“Crash Pads” in Orange County?
An Orange County investment adviser named Thomas C. Scott says he has spotted a new trend: cash-strapped retirement-age Baby Boomers moving in with others to save money.
Scott, CEO of Scott Wealth Management and author of the forthcoming “Fasten Your Financial Seatbelt,” says that at the epicenter of the housing collapse, Orange County, “I’m hearing a pattern of stories about people caught short with maxed-out mortgages, big houses that won’t sell, and eroding incomes who are throwing in the towel and sharing homes with others.”
These Boomers counted on home equity to fund their retirements. But too many refinancings and too much risk-taking have wiped many people out.
Boomers are getting squeezed from both ends, he says. “They loaded up on mortgage debt during the good times, and calculated their retirement assets based on inflated home prices. Now all that paper wealth is gone, they’re stuck with white elephants, and the end of their peak earning years is in sight.”
Scott says the housing bust could be lengthy, and painful. “The collapse of the 1980s took seven years to work itself out. In the next seven years, some 30 million boomers will reach retirement, many unprepared.”
Seven years may seem like a long time, but it’s a mere blip compared to the prediction one expert came out with this week. Jeffrey Gundlach, chief investment officer at Los Angeles-based mutual-fund company TCW Group Inc., said in a conference call that the housing slump is getting worse.
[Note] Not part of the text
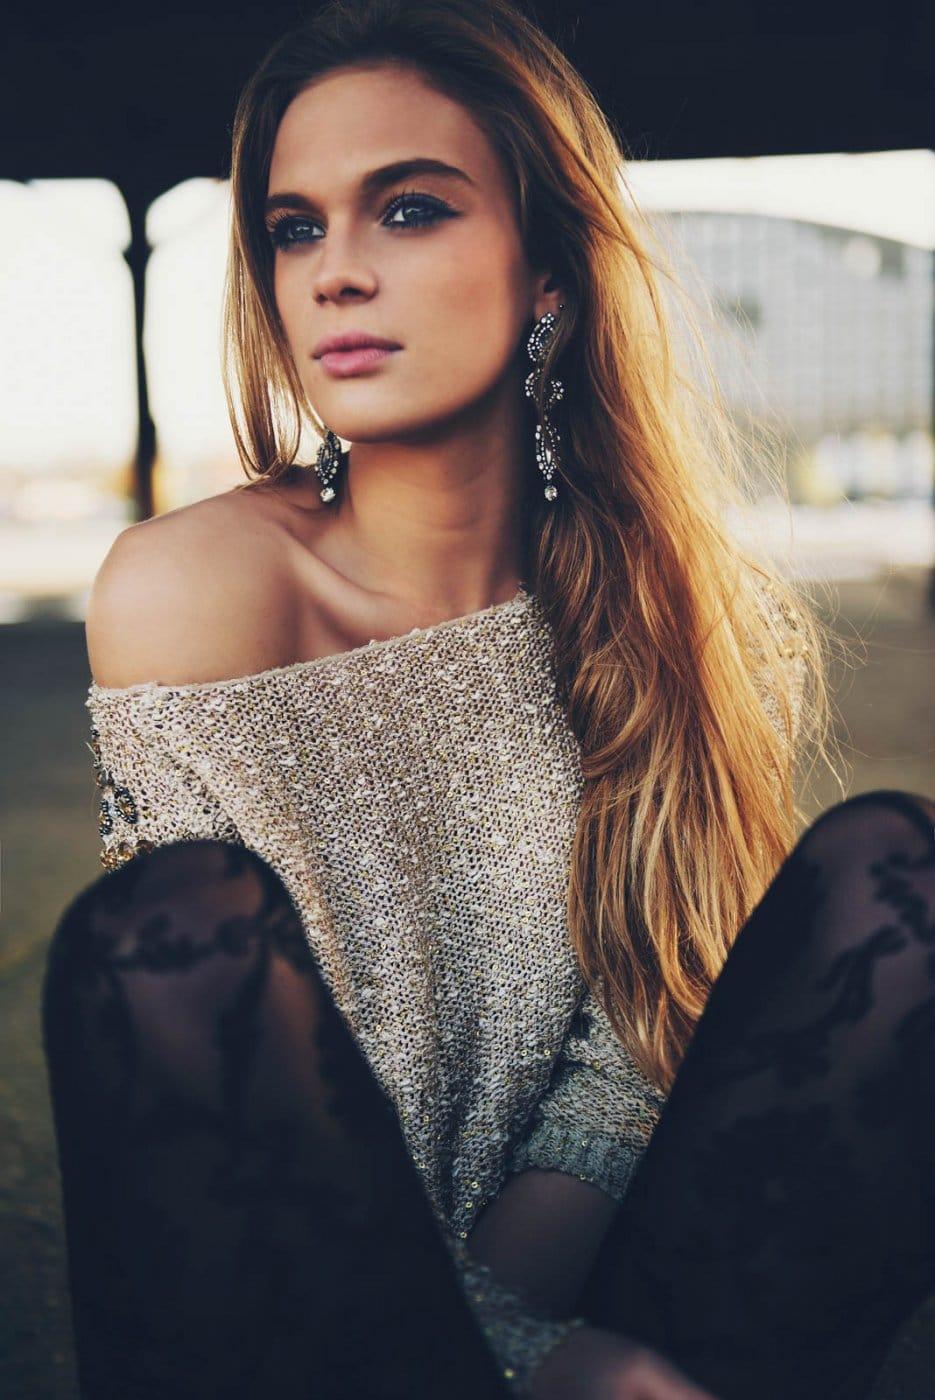 Portrait Photography By Anastasia Vervueren Golden Hours

Gundlach based his assessment on a belief that housing prices still face several more years of decline, a protracted slump, he said, not seen since the Great Depression. Moreover, Gundlach said it’s possible that home prices could be sluggish until 2022.
“If it’s like the Depression experience — and it sure is shaping up that way — it could take several years. Maybe we won’t see a bottom in home prices until 2014,” he said.
There are worse things than sharing a house with someone in Orange County, but that’s not the way anyone envisions their retirement. If you’re not of retirement age, take a lesson from your elders and learn how to save. Pay off your debt as soon as possible and start saving every spare cent you have. Live frugally and use credit sparingly and preferably not at all. Educate yourself about personal finance. And if you buy a house, make sure it’s one you can afford: Experts say it should cost no more than three times your annual income.